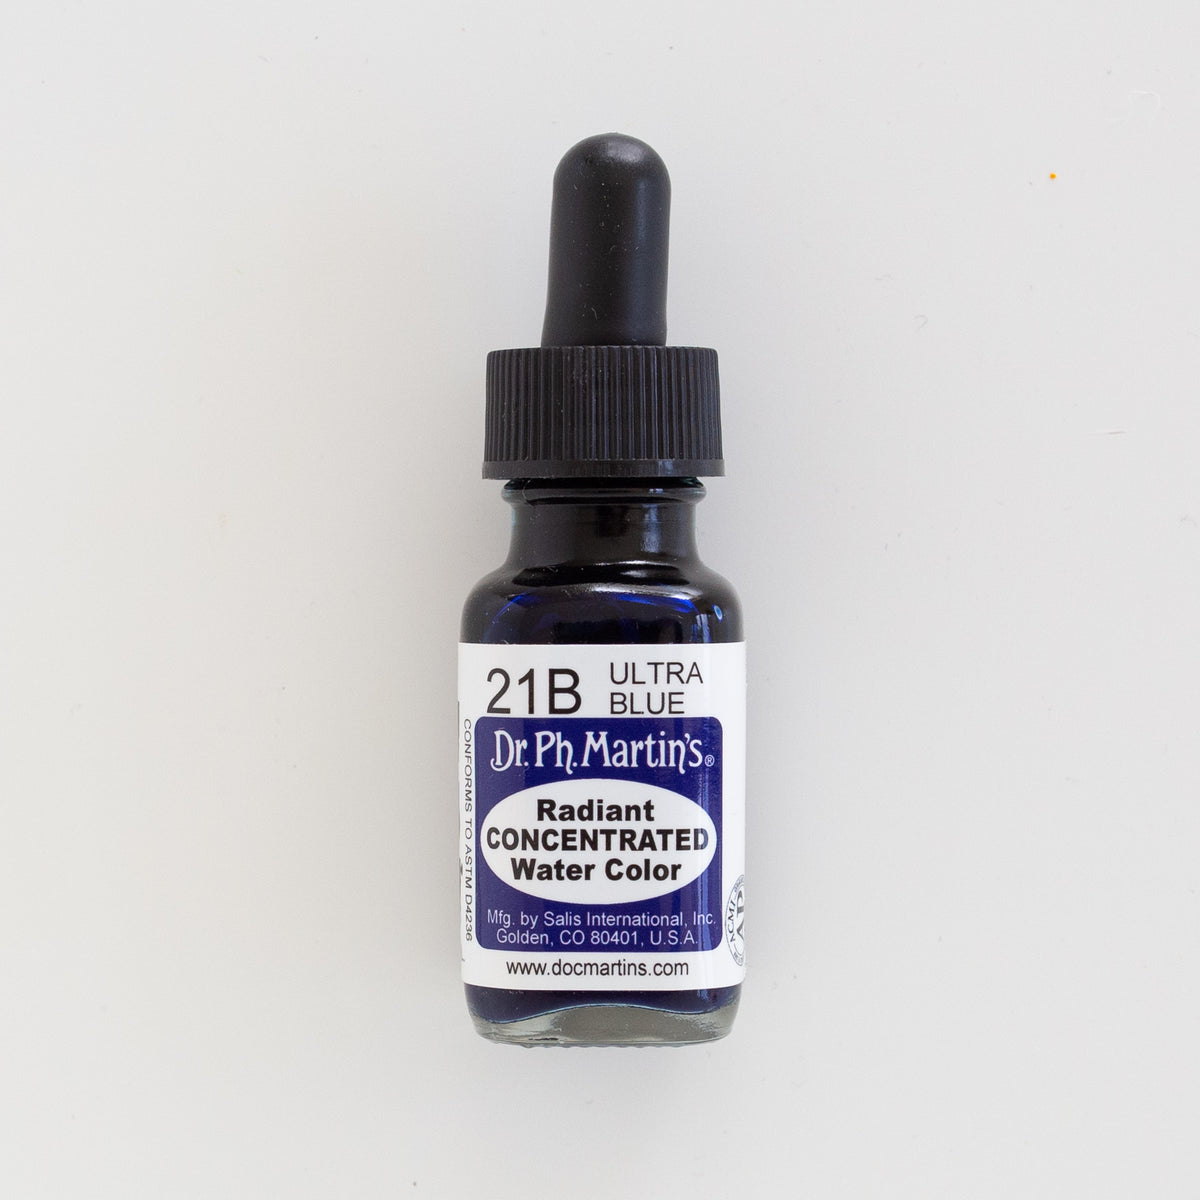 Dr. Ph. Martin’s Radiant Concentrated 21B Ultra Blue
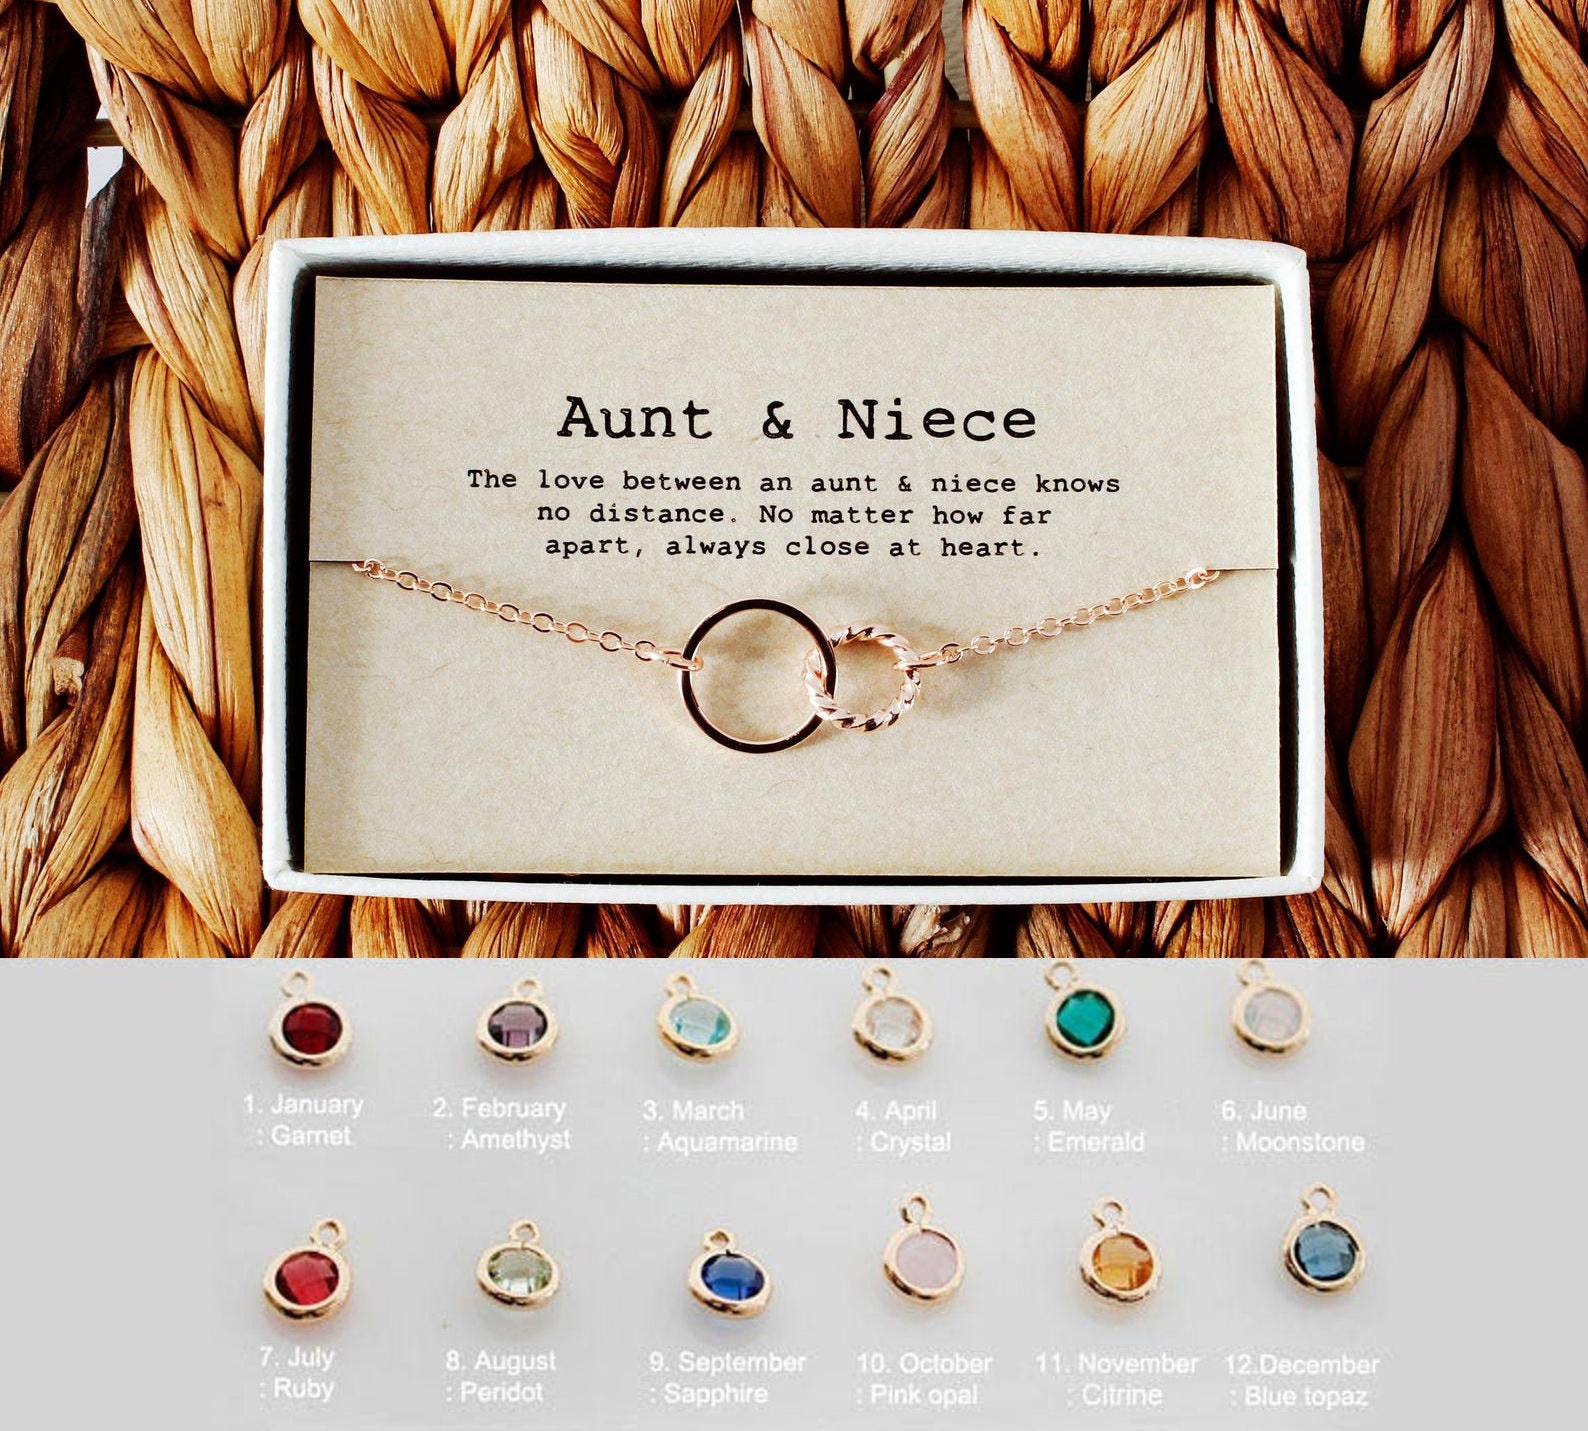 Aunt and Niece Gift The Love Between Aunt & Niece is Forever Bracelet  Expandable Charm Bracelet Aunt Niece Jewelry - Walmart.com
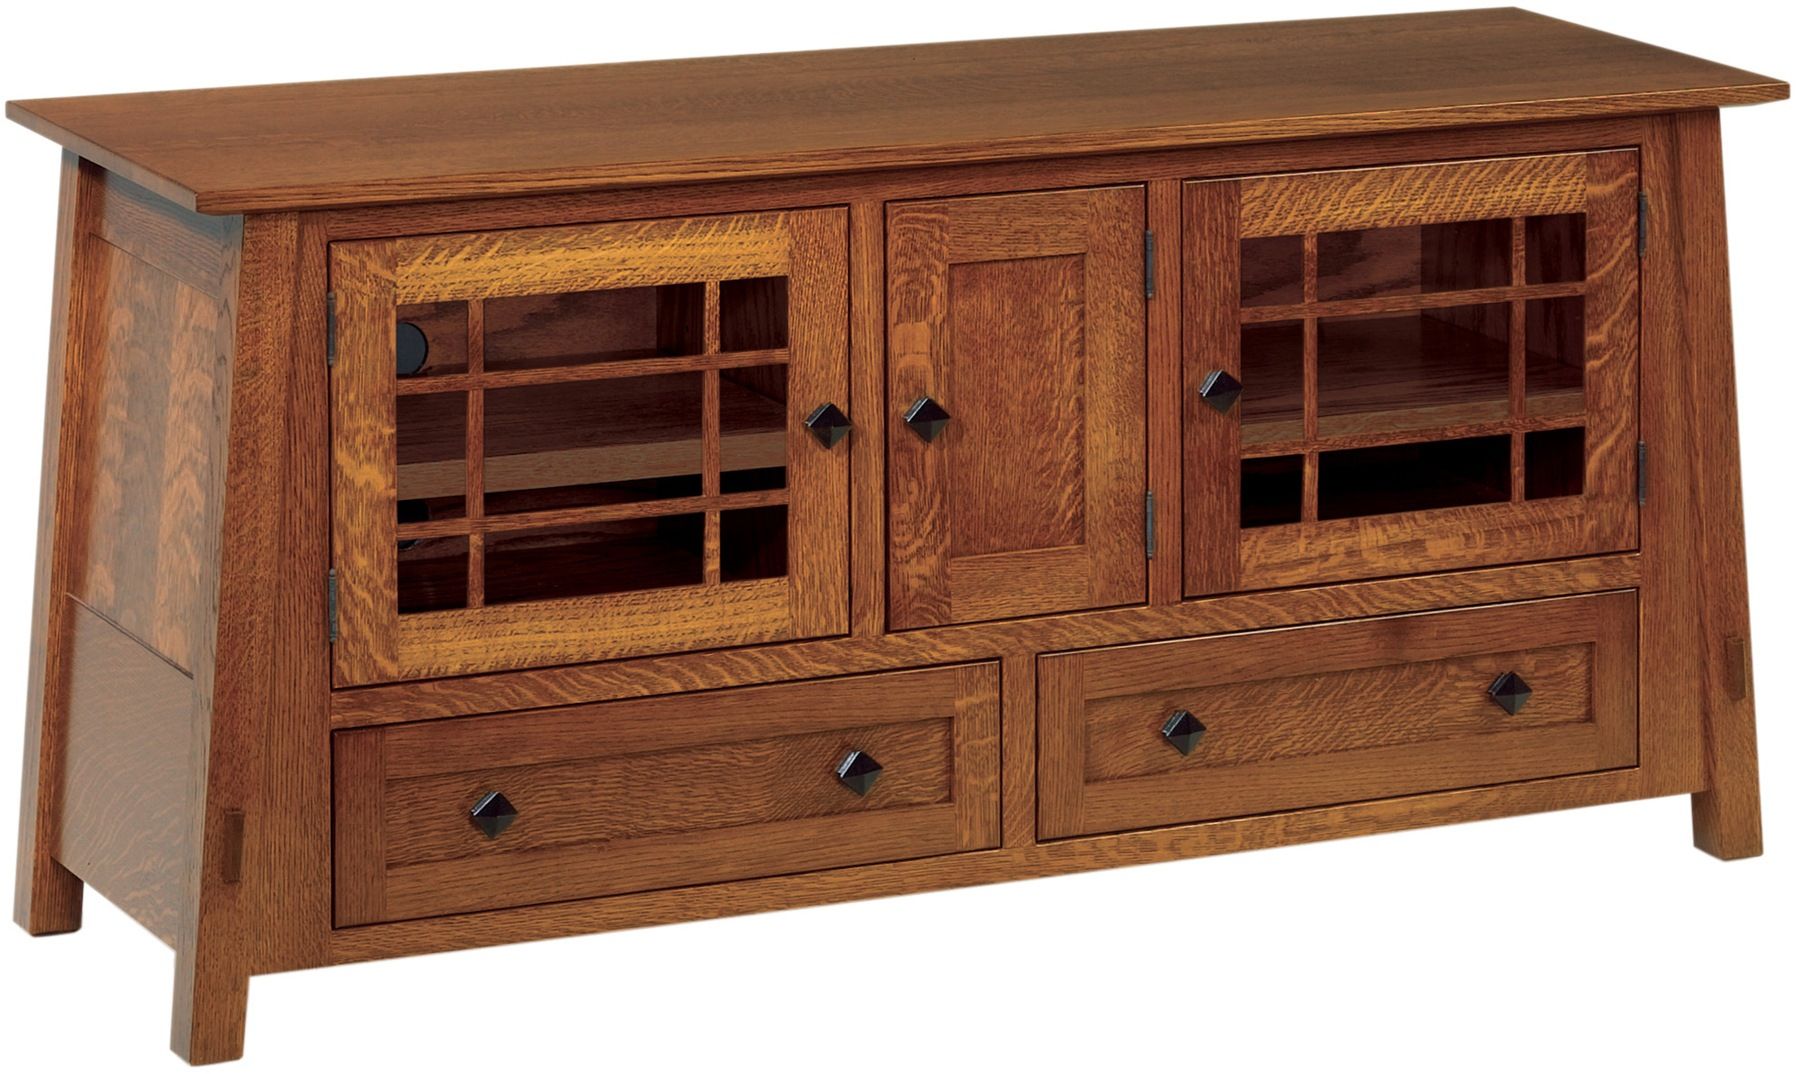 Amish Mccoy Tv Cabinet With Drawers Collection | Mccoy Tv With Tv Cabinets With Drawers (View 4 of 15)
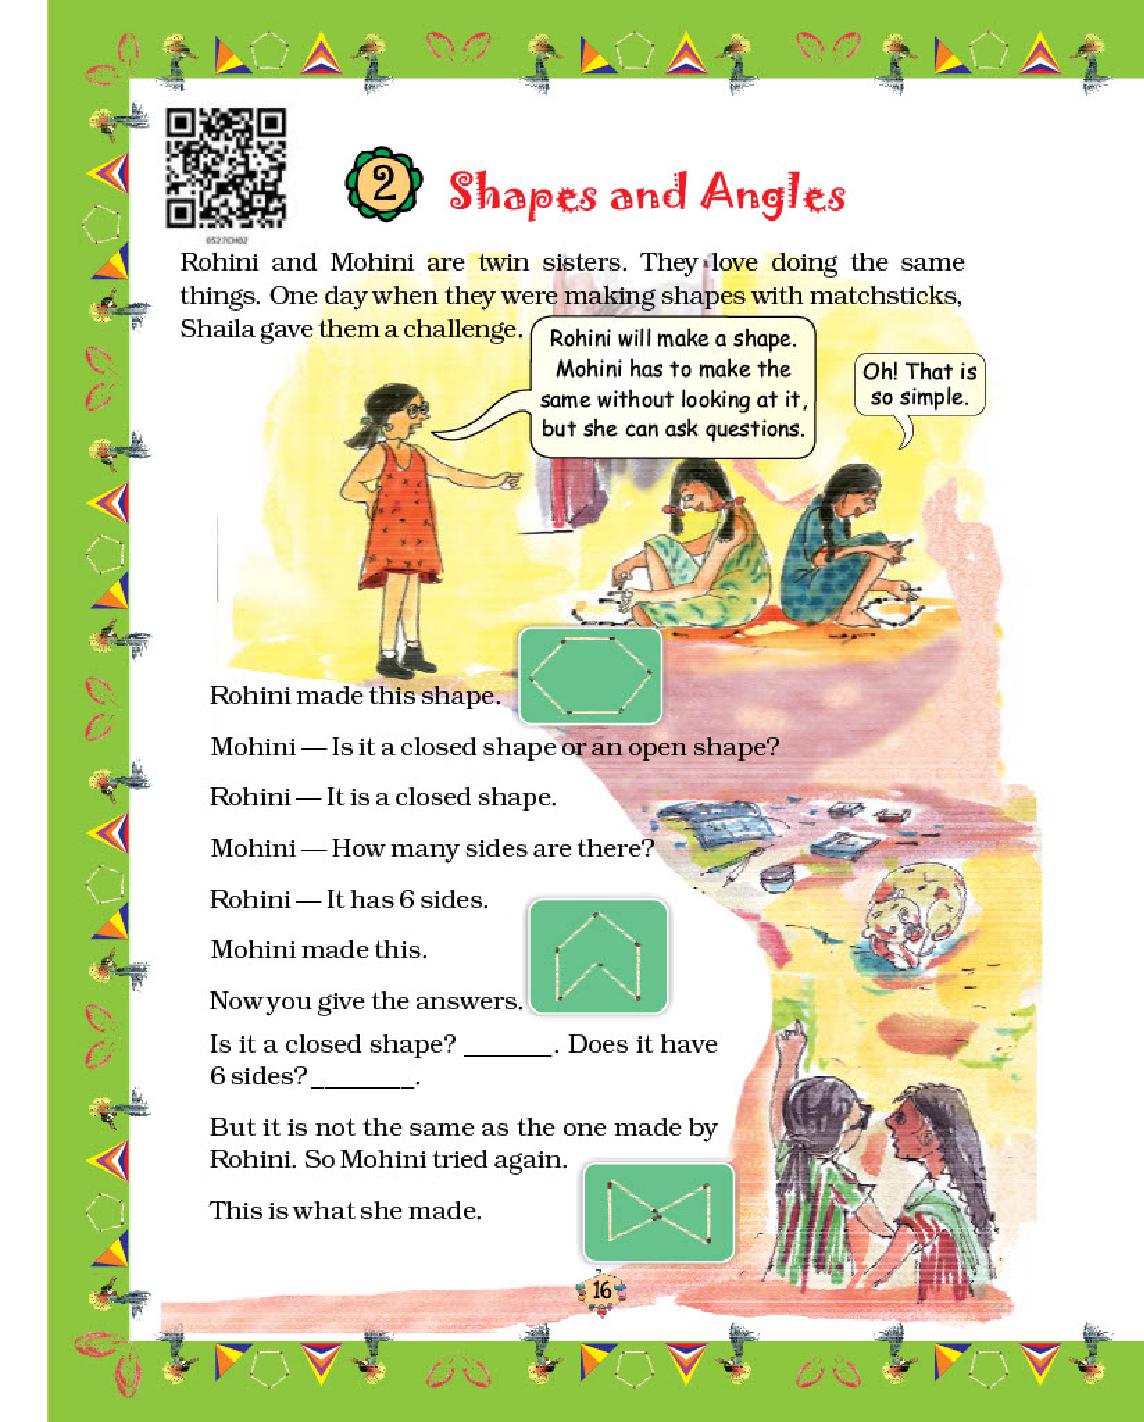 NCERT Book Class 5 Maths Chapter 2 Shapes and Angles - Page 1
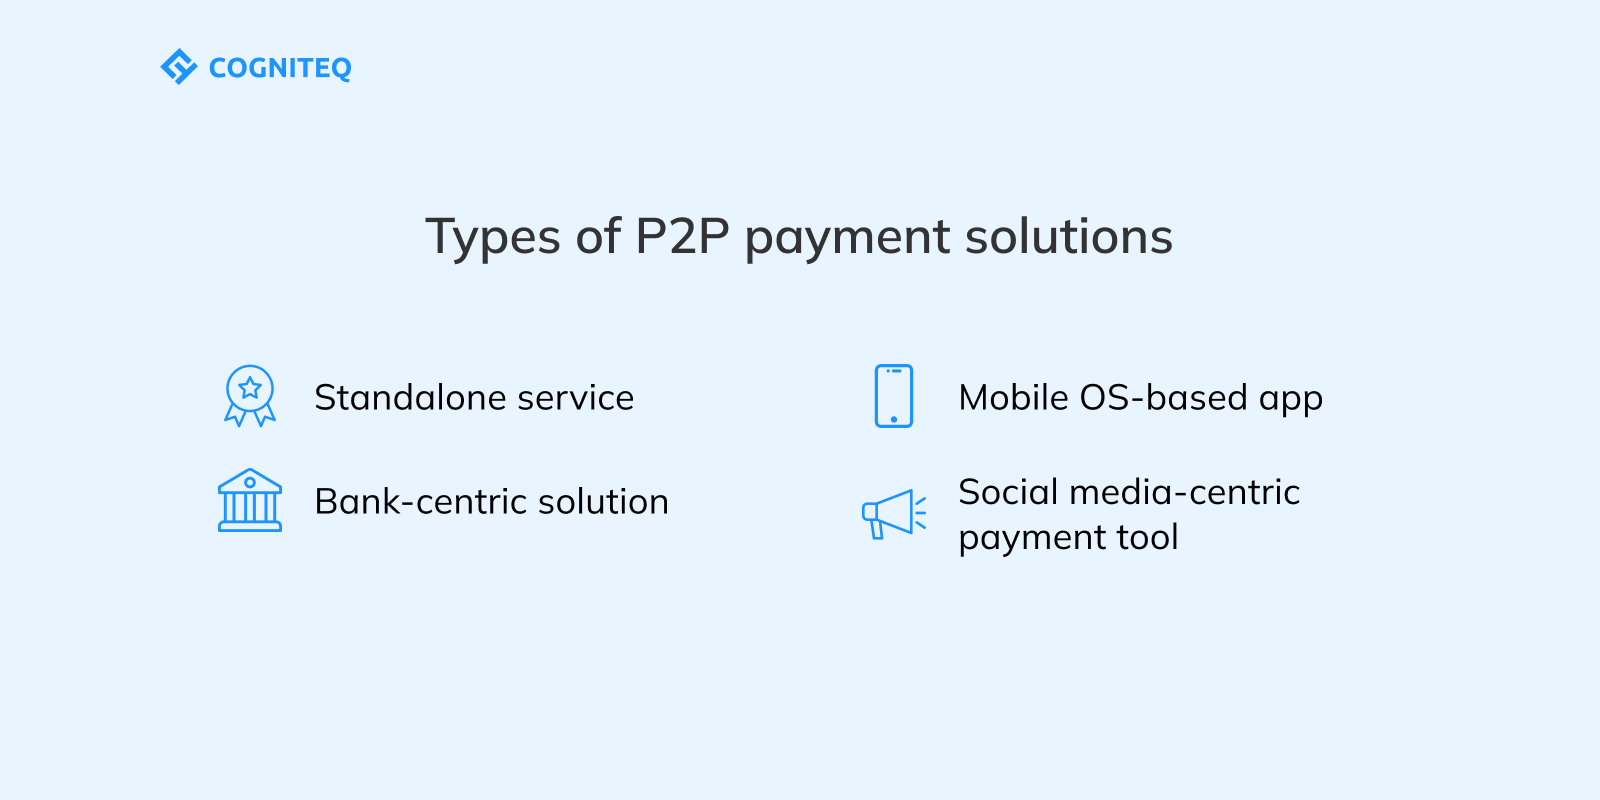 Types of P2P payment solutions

- **Activity**: A faithful copy of the entries above is needed, one that contains no images.

- **Response box**:
 Dr. Ph. Martin’s Radiant Concentrated 21B Ultra Blue
 Aunt and Niece Gift The Love Between Aunt & Niece is Forever Bracelet  Expandable Charm Bracelet Aunt Niece Jewelry - Walmart.com
 Amish Mccoy Tv Cabinet With Drawers Collection | Mccoy Tv With Tv Cabinets With Drawers (View 4 of 15)
 NCERT Book Class 5 Maths Chapter 2 Shapes and Angles - Page 1
 Types of P2P payment solutions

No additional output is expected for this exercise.